ACTIVITY -
In the material below, the line holding "DIYKL FLEUR rhinestone" and every line after it should be reproduced exactly, please, with pictures omitted.

*** INFORMATION SUPPLIED Section Begins ***

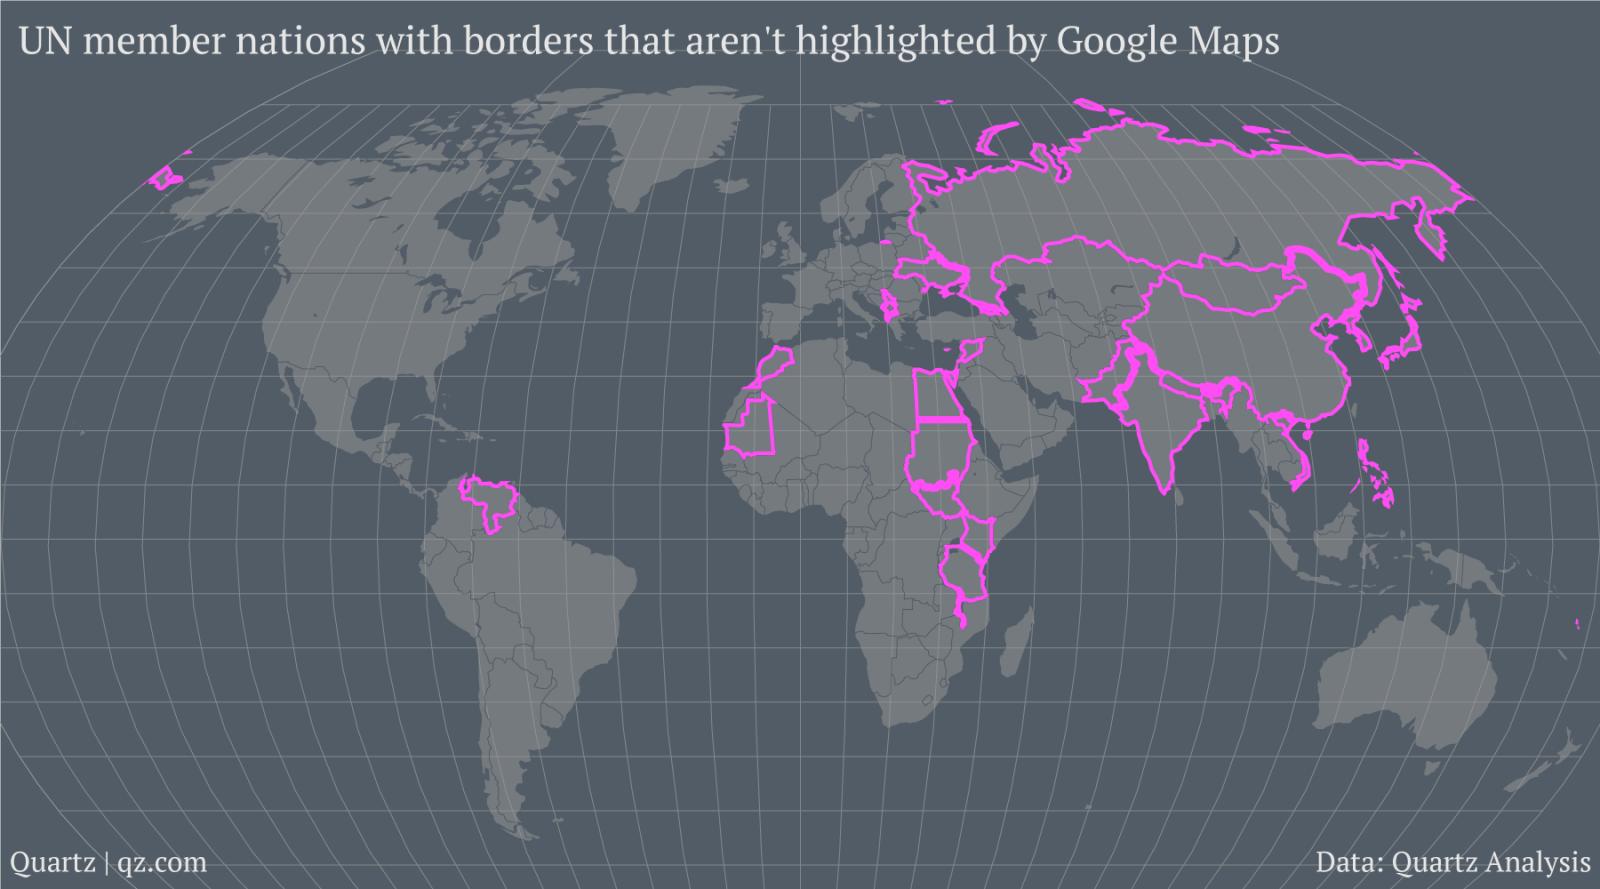 Les pays dont les frontières ne sont pas dessinées dans le monde entier comme des frontières définitives par Google.  (Crédit Quartz) cliquez pour agrandir
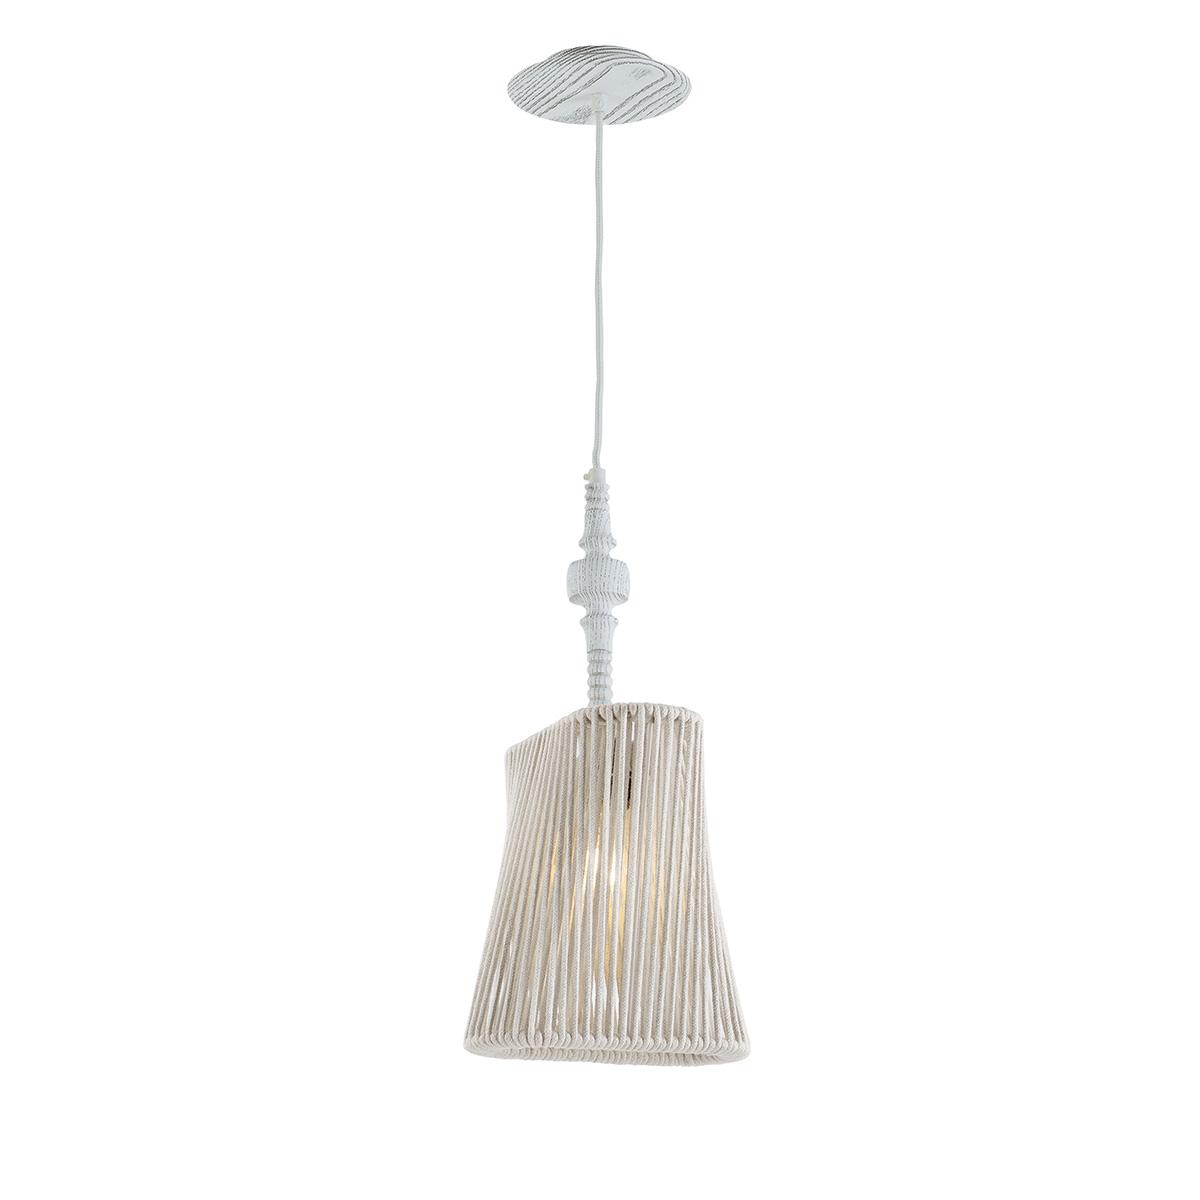 Μονόφωτο κρεμαστό ξύλινο TIMBER wooden suspension lamp
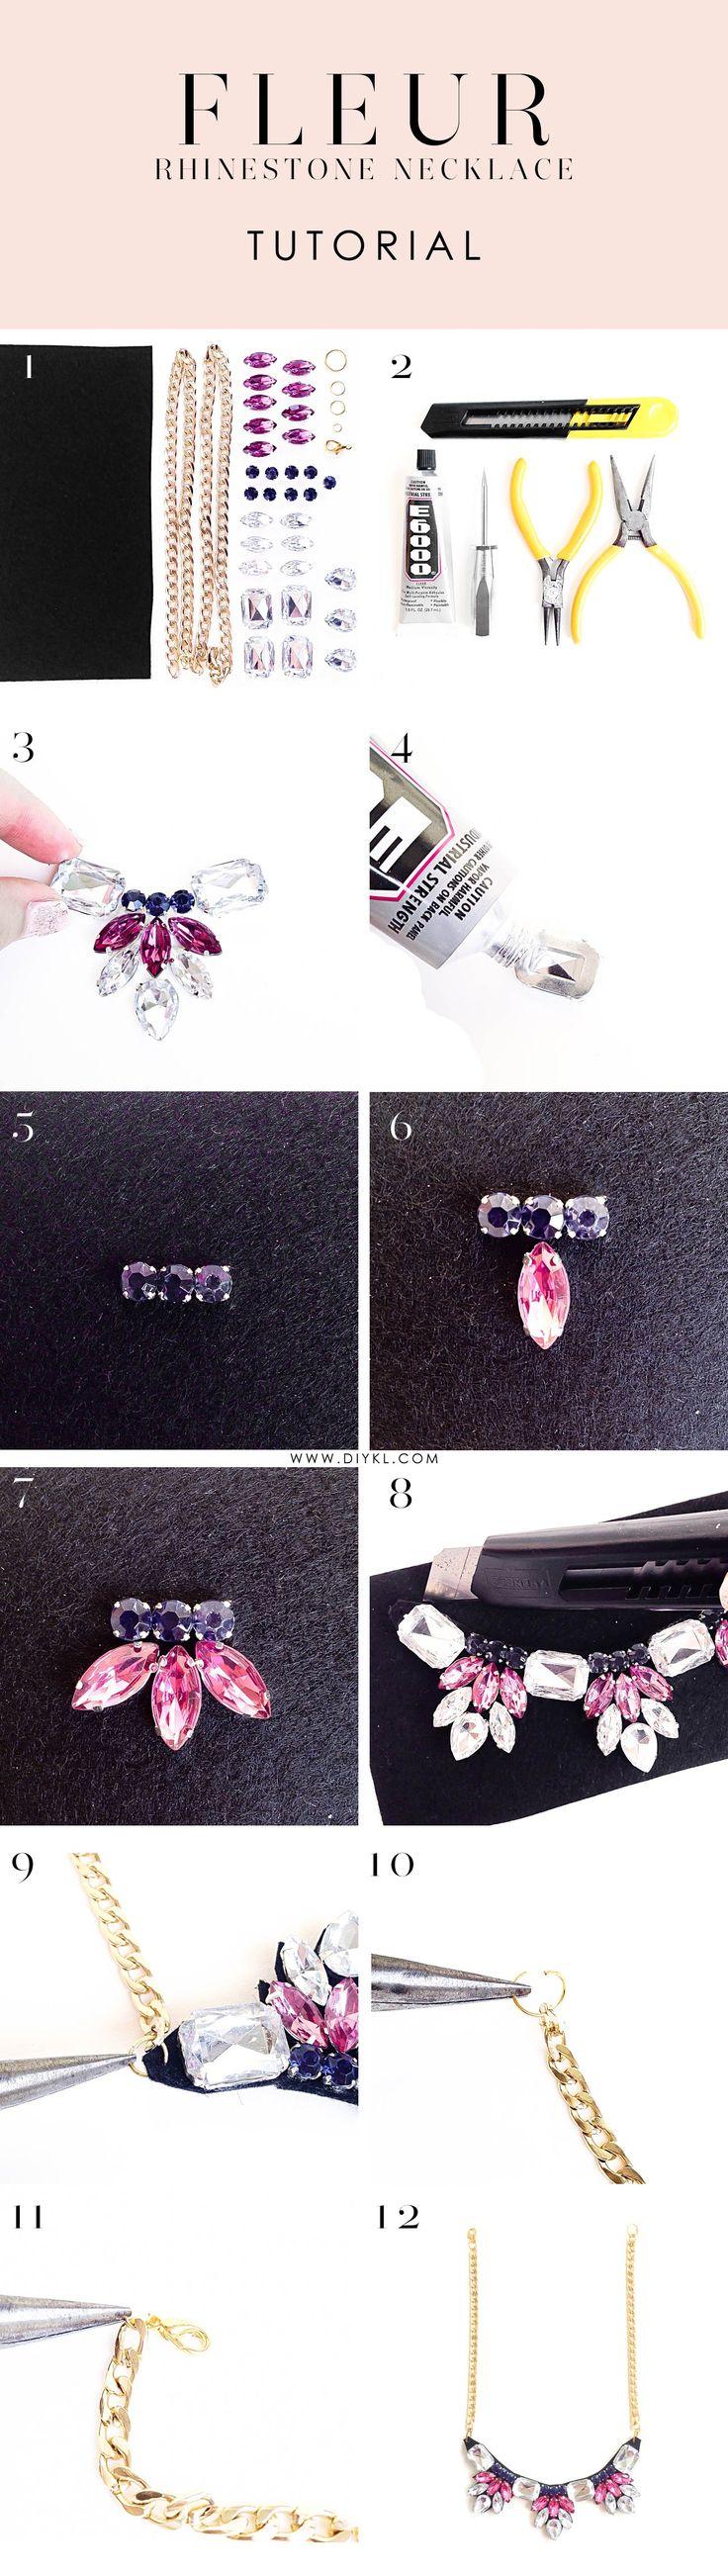 DIYKL FLEUR rhinestone necklace. Shop corresponding DIY kits from DIYKL (www.diykl.com)! Enjoy worldwide shipping.
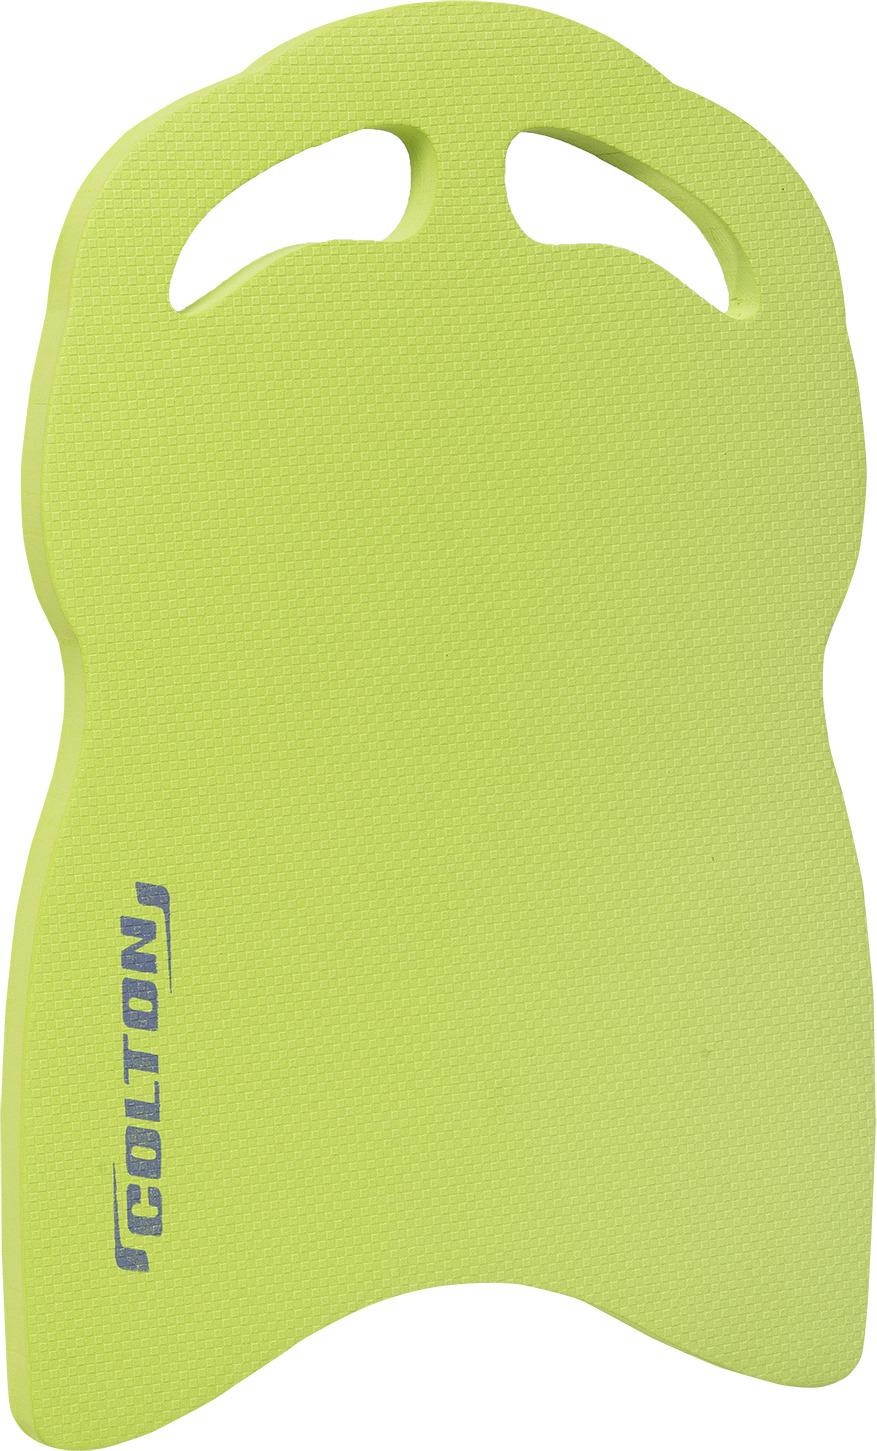 Доска для плавания Colton, цвет: зеленый. SB-102

*** INFORMATION SUPPLIED Section Ends ***

ANSWER BOX -
 DIYKL FLEUR rhinestone necklace. Shop corresponding DIY kits from DIYKL (www.diykl.com)! Enjoy worldwide shipping.
 Доска для плавания Colton, цвет: зеленый. SB-102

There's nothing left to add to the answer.